サイエンスライターと正しい作文術は殲滅だ

 
 そのサイエンスライターは次のように依頼してきた。
 
 ダーウィン進化論はもう終わりなんですよ。ですから恐竜のダーウィンが雪の中に倒れていて、その周囲を次世代の進化論たち。例えば今西進化論や断続平衡説や獲得形質の可能性とか、そういう哺乳類たちが歩き回っている絵を描いてほしいんです。
 
 ∧∧
(‥ )結果的にそんな絵を
\‐  描くことはなかったけど
    描いていたらあなたの
    黒歴史になっていた
    でしょうな
 
  (‥ )まあね
 
 しかしそれより面食らってしまったのは、なぜそのサイエンスライターがこんな勘違いをしてしまったのか? ということであった。
 
 確かに科学好きな人間はしばしばトンデモになるものだ。
 
 科学好きな人間は中途半端に科学を知っている。

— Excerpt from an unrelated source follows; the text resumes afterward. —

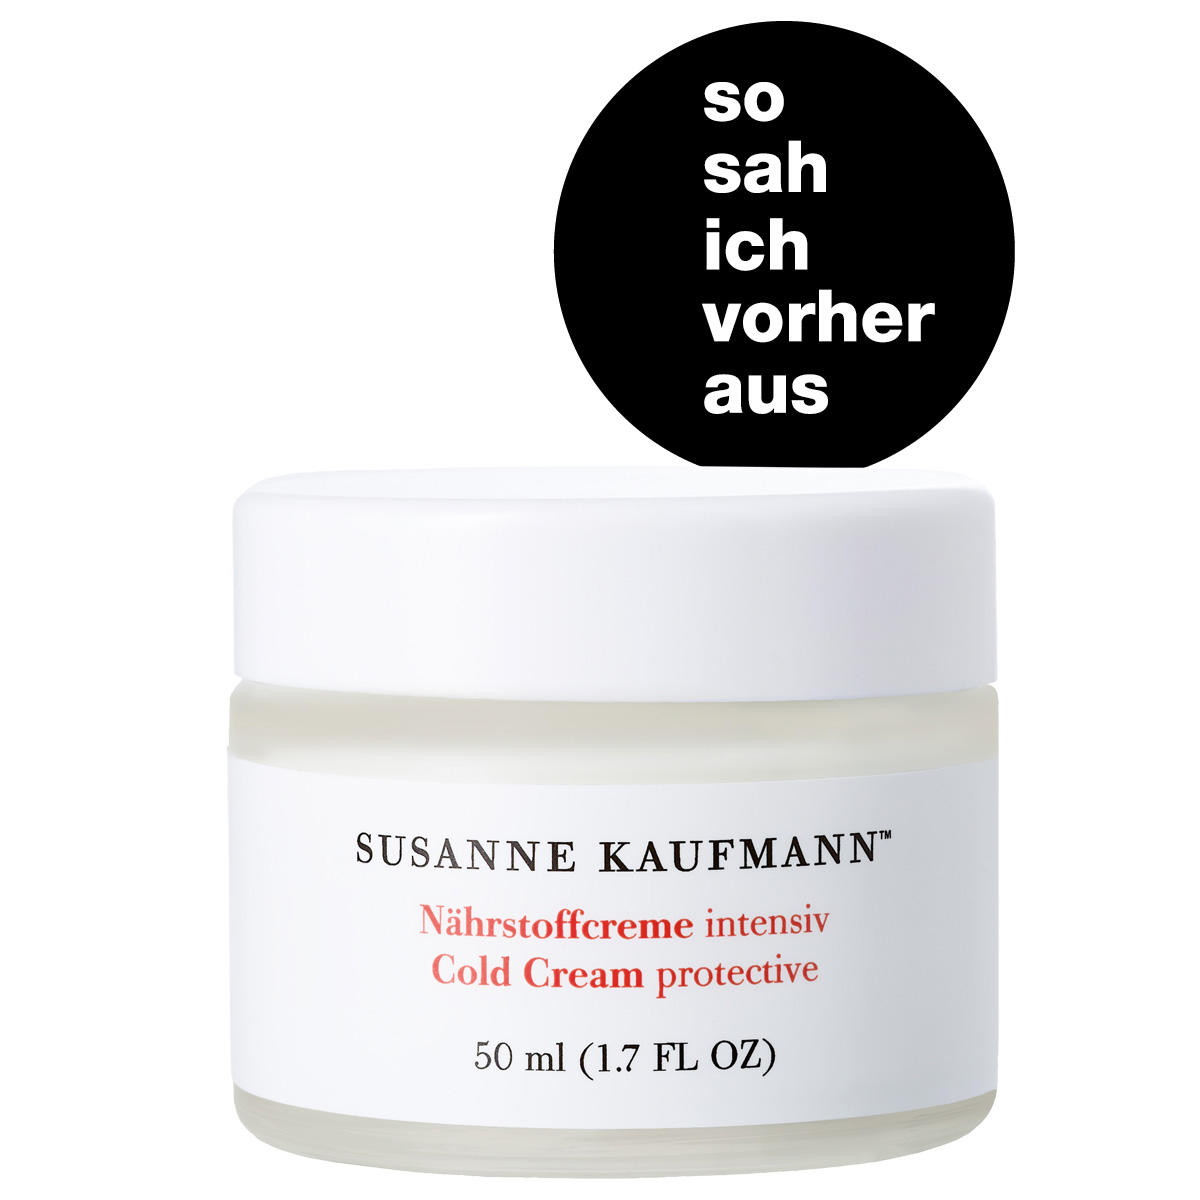 Susanne Kaufmann Nutrient cream intensive 50 ml - 5

だから知らない素人よりも、知っているプロよりも、科学好きな人間は馬鹿理論に引っかかりやすい。
 
 事実、素人は今西進化論も断続平衡説も知らない。プロはどっちも知っているが、どっちも駄目だということをちゃんと知っている。
 
 ∧∧
( ‥)科学好きな人たちだけが
    余計なことを知っていて
    しかもそれが間違いだと
    気づかないのである
 
  ( ‥)科学好きな人間こそが
    ‐/ 科学の敵なのだ
 
 先のサイエンスライターもどういうわけか、正しい答えにたどり着けないのだ。
 
 なぜか? 
 
 ∧∧
( ‥)理由は単純で
    答えを先に知っていたから
    なのである
 
  (‥ )彼はダーウィン進化論が
      間違っているに違いない
      という答えを
      先に知っていたのだ
 
 もちろん、答えを知っているからといって、その答えが正解とは限らない。事実、そのサイエンスライターはダーウィン進化論が間違っていると知っていたはいたが、その答えそれ自体が間違っているということは知らなかった。
 
 ∧∧
(‥ )でも答えを知っていると
\‐  思っているから
    あらかじめ自分の内部で
    用意していた答えに
    合うような資料しか
    読まなかったのである
 
  (‥ )彼は作文の仕方を良く
     分かっていたよ
     伝えたいことをしぼり
     情報を整理し
     構成を決め
     導入、本文、結論を書いた
     彼の本は分かりやすいと
     科学好きの間では評判でな
 
 問題があるとしたら、彼の伝えたい結論は間違ったものであり、間違った結論に沿った資料を集め、導入、本文、結論を書いた、という点にあった。
 
 つまり徹頭徹尾、最初から最後まで何一つとして正しくないのだ。
 
 しかし作文の仕方としては正しい書き方だし、論理的で理路整然とした内容だったのである。何一つとして正しくないにも関わらずそうなのだ。
 
 ∧∧
( ‥)だからあなたは作文方法とか
    作文方法を把握したから
    これで問題無しだ! と
    安堵する人たちを
    まったく信用しないのである
 
  (‥ )それとな
      サイエンスライターと
      科学が好きな人間は
      信用せん
 
 この世界のサイエンスライターと科学好きな人間たち。彼らをこの地上から殲滅しなければならぬ。正しい作文をする人間もだ。こんな連中はいらん。